Study material:

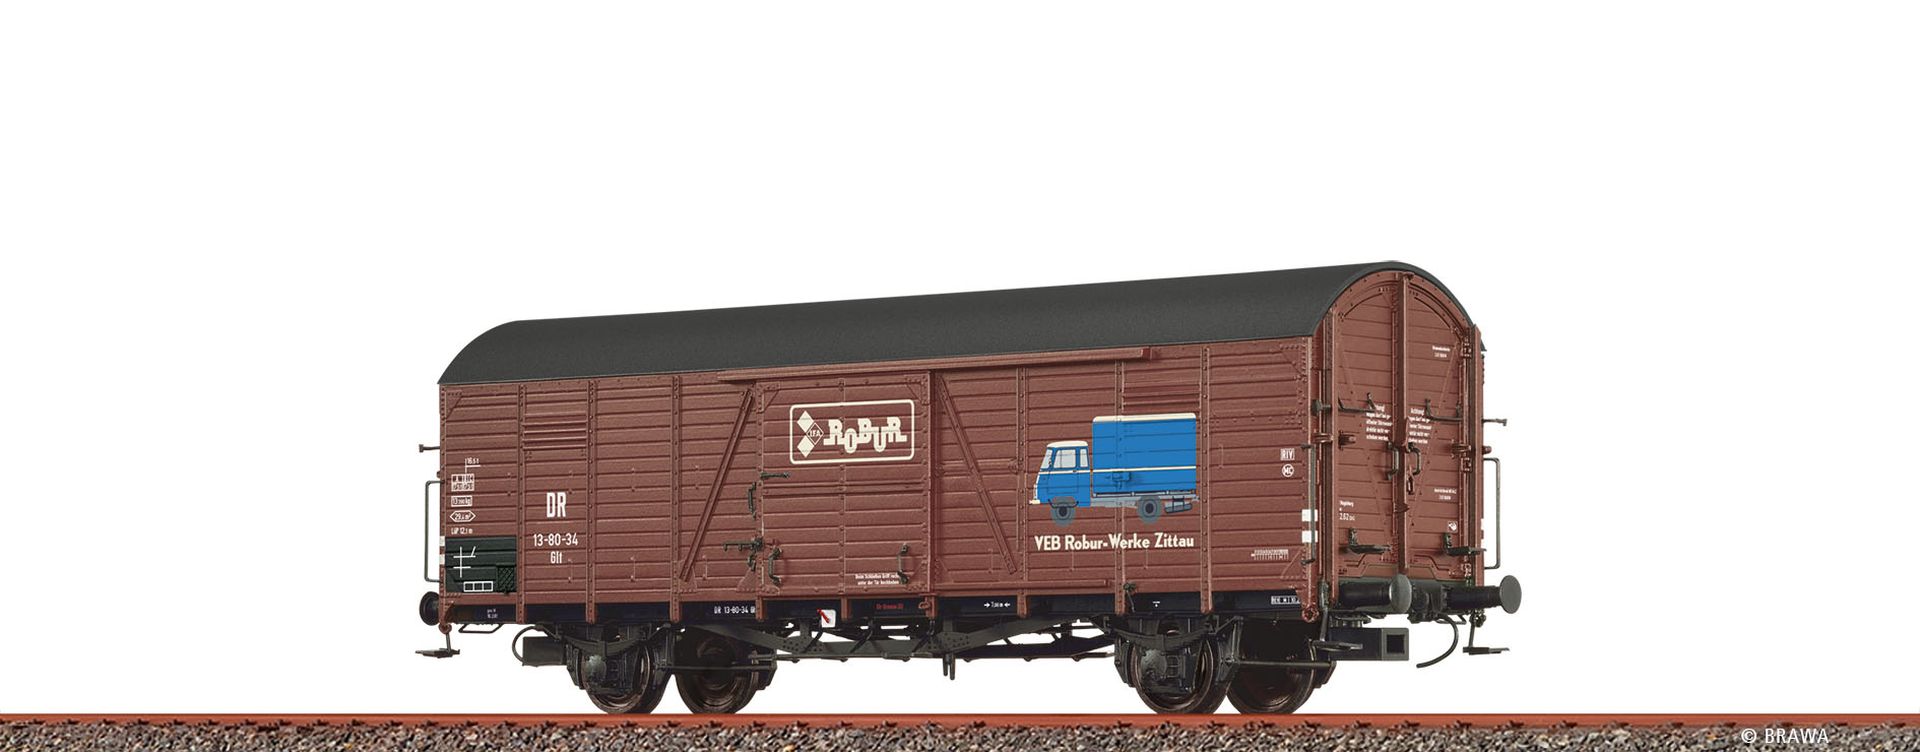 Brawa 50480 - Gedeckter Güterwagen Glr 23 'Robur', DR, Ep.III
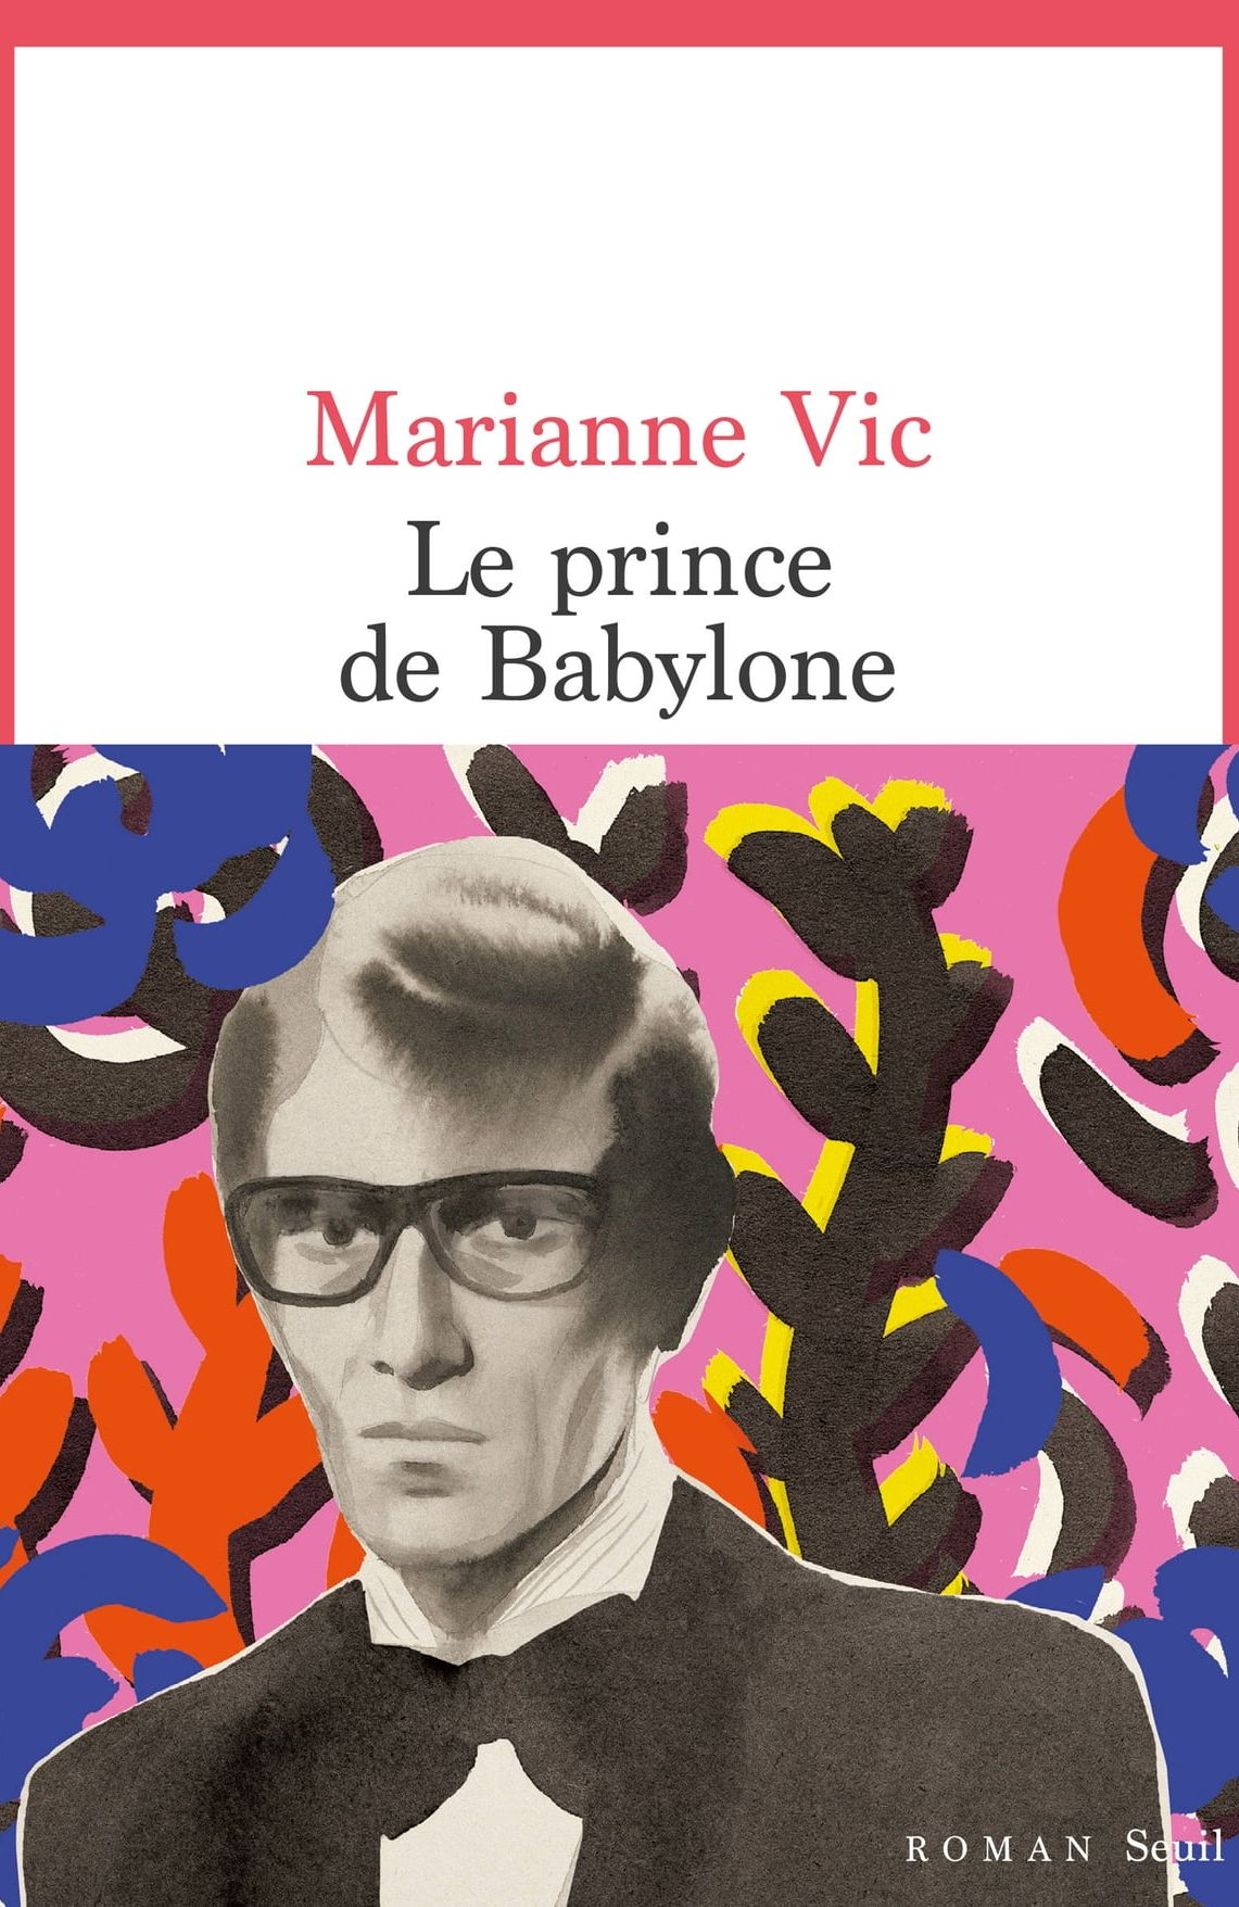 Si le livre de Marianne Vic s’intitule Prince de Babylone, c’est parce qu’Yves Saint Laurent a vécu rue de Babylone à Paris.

---

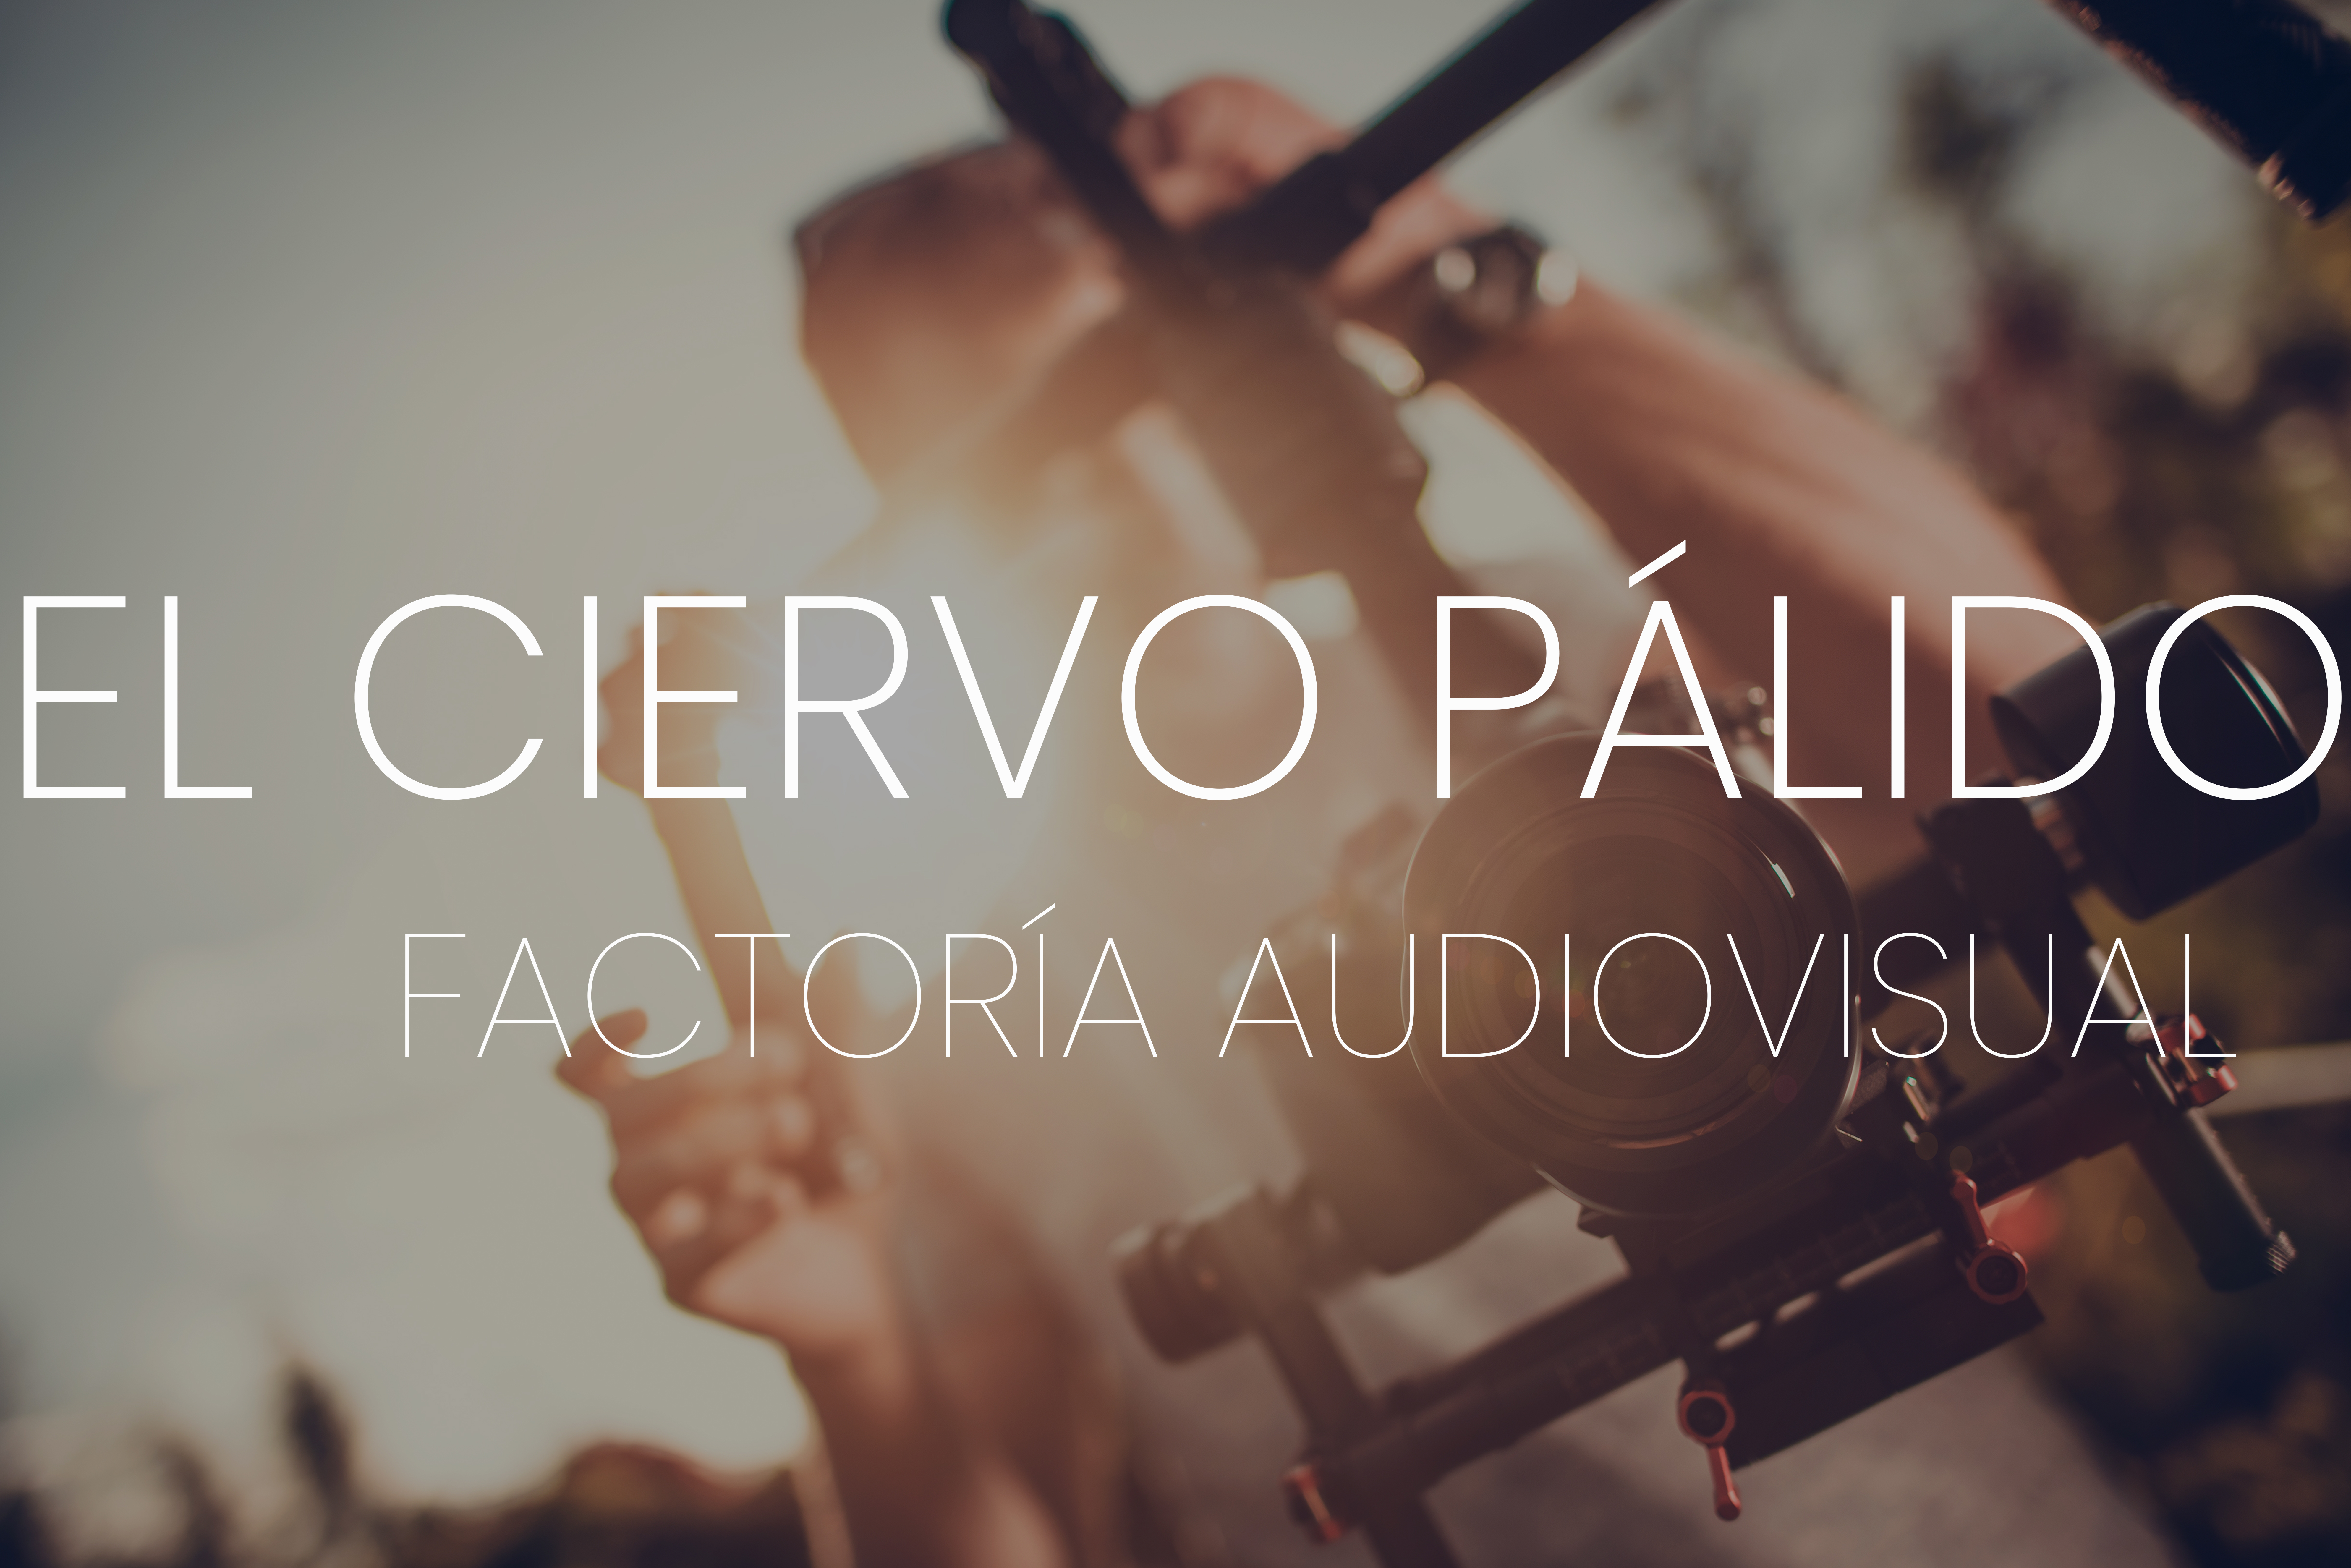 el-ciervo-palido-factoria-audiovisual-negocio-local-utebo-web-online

Task to complete: In the listing above, find the line containing "Brawa 50480 - Gedeckter". Output it and every line after it up to and including the line containing "Si le livre", exactly, but skip the pictures.

Exercise solution:
 Brawa 50480 - Gedeckter Güterwagen Glr 23 'Robur', DR, Ep.III
 Si le livre de Marianne Vic s’intitule Prince de Babylone, c’est parce qu’Yves Saint Laurent a vécu rue de Babylone à Paris.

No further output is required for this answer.